Был случай, когда тетя Кэсси вошла в комнату как раз в тот момент, когда сестрицы пытались вытолкнуть трехгодовалого Тима из окна детской.
Чудом успев его спасти, она обрушила свой гнев на Тимоти и отшлепала его за то, что он провоцирует ее дочерей.
— Хорошие мальчики никогда не бьют девочек, — бранила она.

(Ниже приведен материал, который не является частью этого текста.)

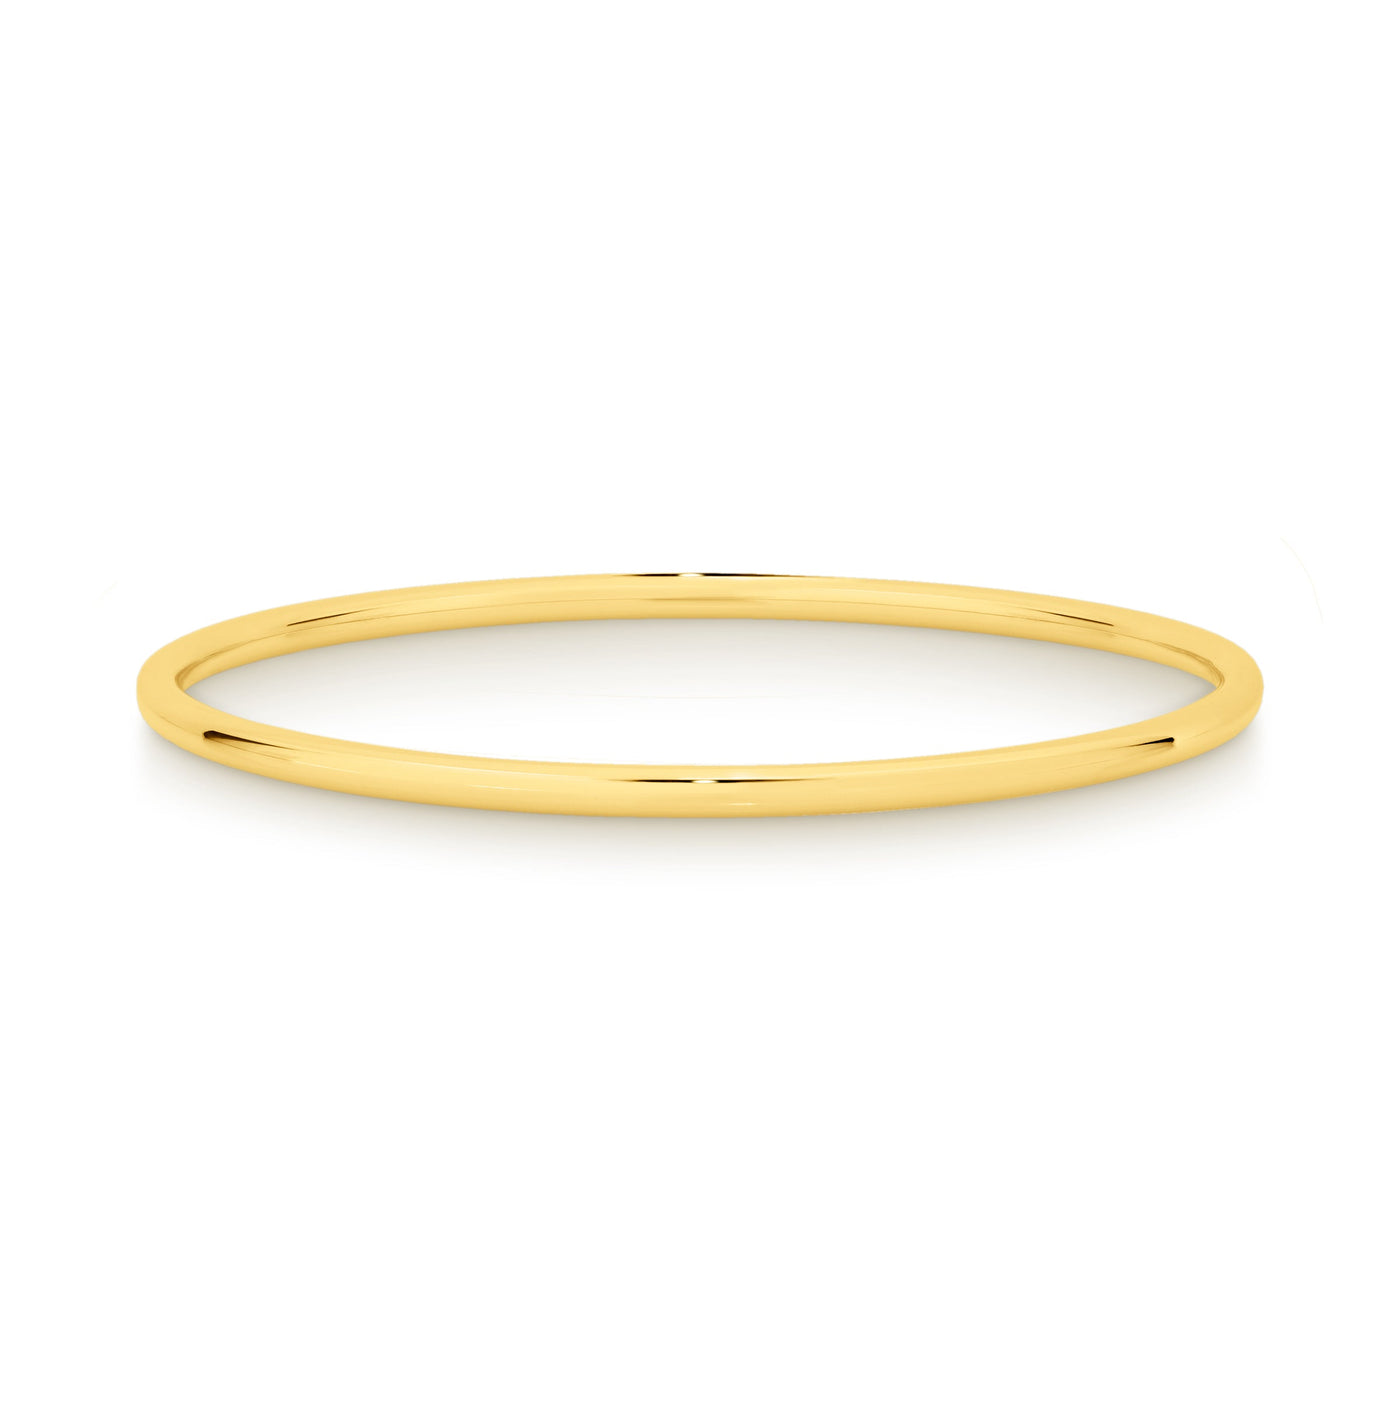 9k Yellow Gold & Sterling Silver Bangle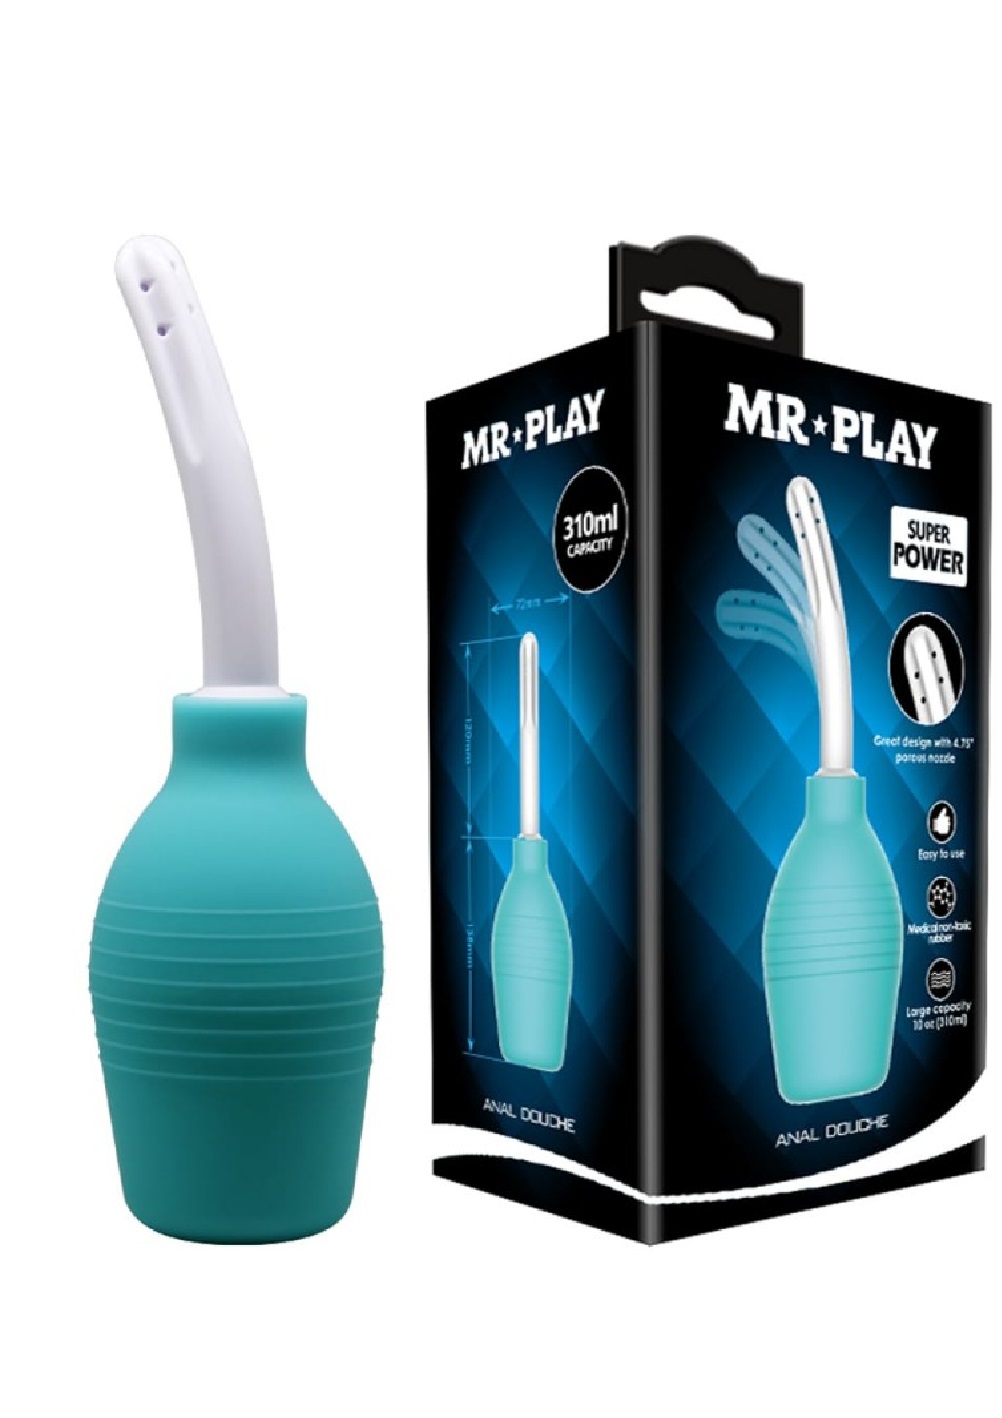 Mr. Play Anal Douche.

Тим намного лучше усвоил бы урок, если бы не слышал, как субботними вечерами тетку поколачивает муж.
Тим рвался оставить теткин дом не меньше, чем его родня — избавиться от него. К восьми годам Кэсси снабдила его ключом на шнурке. С этим талисманом на шее он мог свободно шататься где ему вздумается и давать выход врожденной агрессивности в настоящих мужских занятиях типа фехтования на палках или кулачных боев.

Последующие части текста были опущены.